Perry completed his undergraduate work at the University of Texas in 1986 and medical school at the University of Texas-Southwestern in 1990. He also did his residency at UT-Southwestern.

He did fellowships in surgical pathology and neuropathology and conducted research at the Mayo Clinic in Rochester, Minn., one of the premier tumor pathology programs nationwide, before arriving at Washington University in 1998.

Perry’s research focuses on tumors of the brain and central nervous system, which can be difficult to treat. He is involved in translational research aimed at finding new diagnostic, prognostic and predictive biomarkers to be used in managing brain tumor patients.

“It’s a complicated type of problem, and there are so many different types,” he says.

Some of his work during his fellowship at the Mayo Clinic resulted in new grading criteria for meningiomas, although commonly perceived to be benign overall, subsets are aggressive and clinically challenging tumors.
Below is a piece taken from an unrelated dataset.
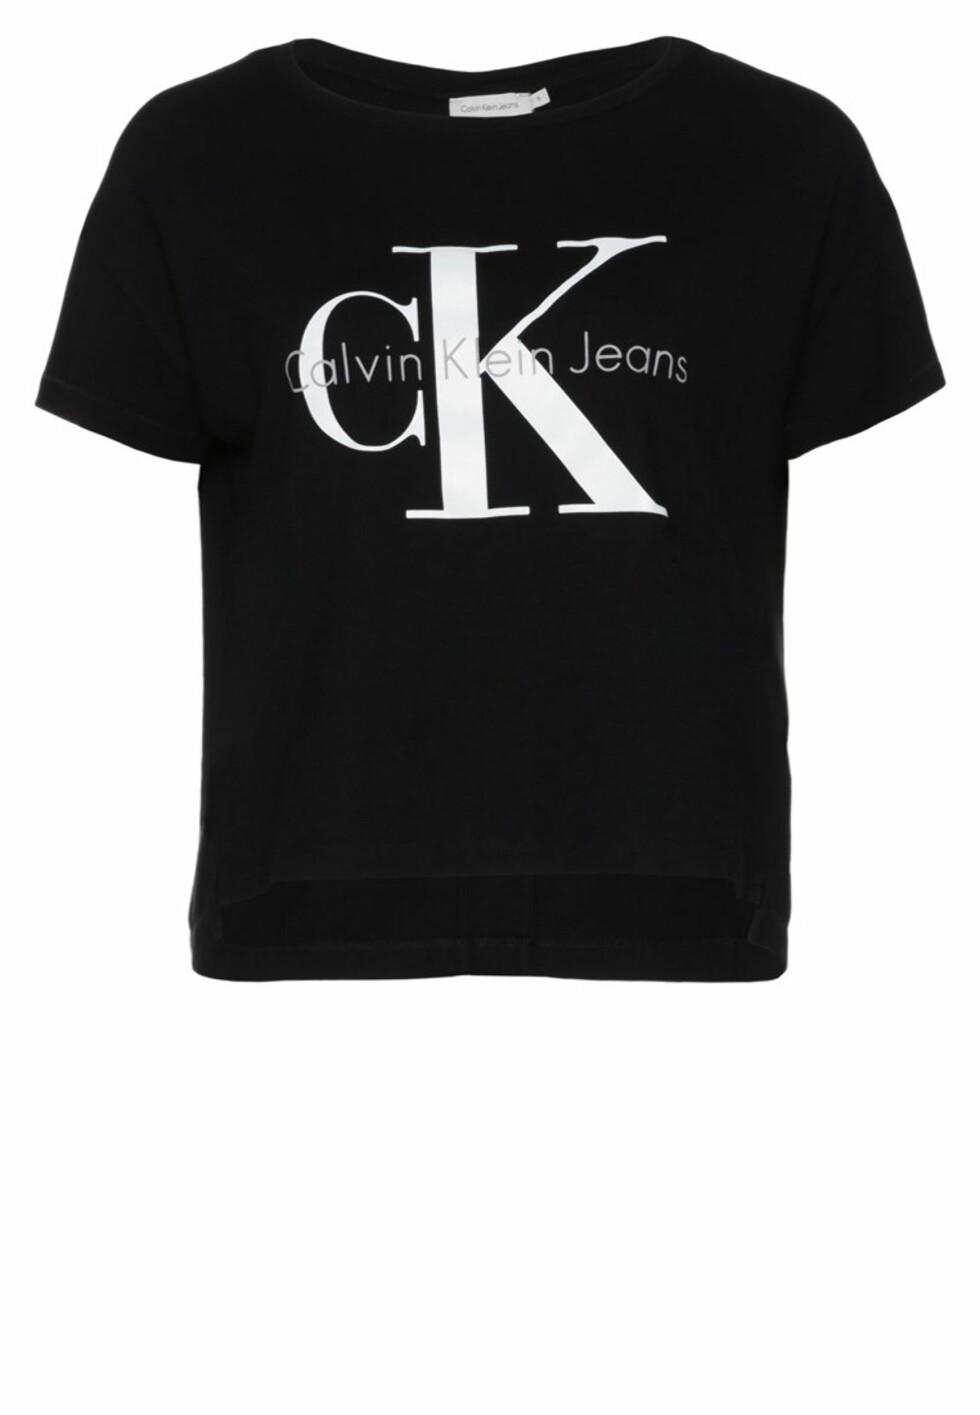 T-skjorte fra Calvin Klein Jeans via Zalando.no, kr 499. Foto: Zalando.no

Those criteria have been adopted by the World Health Organization’s Tumors of the Nervous System publication, and are used as a reference for brain tumor diagnostic pathology around the world.

Arie Perry

Title: Associate professor of pathology and immunology; medical director of the Anatomic Pathology Fluorescence in situ hybridization (FISH) lab

Years at University: Eight

Research interests: Tumors of the brain and central nervous system; finding new diagnostic and prognostic markers to be used in managing brain tumor patients

Hobbies: Singing, writing songs, snow skiing, scuba diving

Perry also is medical director of the Anatomic Pathology Fluorescence in situ hybridization (FISH) lab, which is used to identify clinically useful chromosomal abnormalities in a wide variety of tumors, most notably gliomas (a malignant type of primary brain tumor), breast cancer and subsets of lymphoma and soft tissue sarcoma.

“As a colleague, Arie is just what you’d want,” Schmidt said. “He’s an expert, who has a lot of drive and is a perfectionist. He also has a good sense of humor, which you have to have in this field.”

David H. Gutmann, M.D., Ph.D., the Donald O. Schnuck Family Professor of Neurology and professor of pediatrics and of genetics at the School of Medicine, said Perry is wonderful to work with and a valuable colleague.

“He has established himself as one of the rising stars in neuropathology,” said Gutmann, who also is the co-director of neurooncology at the Siteman Cancer Center and director of the Neurofibromatosis Center at the School of Medicine. “He is recognized internationally as an expert in brain tumors.”

Gutmann and Perry have collaborated for many years to refine their ability to genetically characterize brain tumors. Together, they hope to develop molecular signatures for brain tumors that might predict their responses to therapy.

In addition to his teaching and research, Perry provides consults for difficult surgical cases sent in from medical facilities, mostly throughout the United States and Canada, but also from other countries.

Schmidt said Perry is one of the best young tumor neropathologists in the country. “His burgeoning consult service reflects his growing reputation,” Schmidt said.

Although Perry doesn’t work directly with patients, he will often take a clinical problem back to the lab for research.

“It is still rewarding to know that you are helping the patient in something that will lead to the right management of the problem,” Perry says.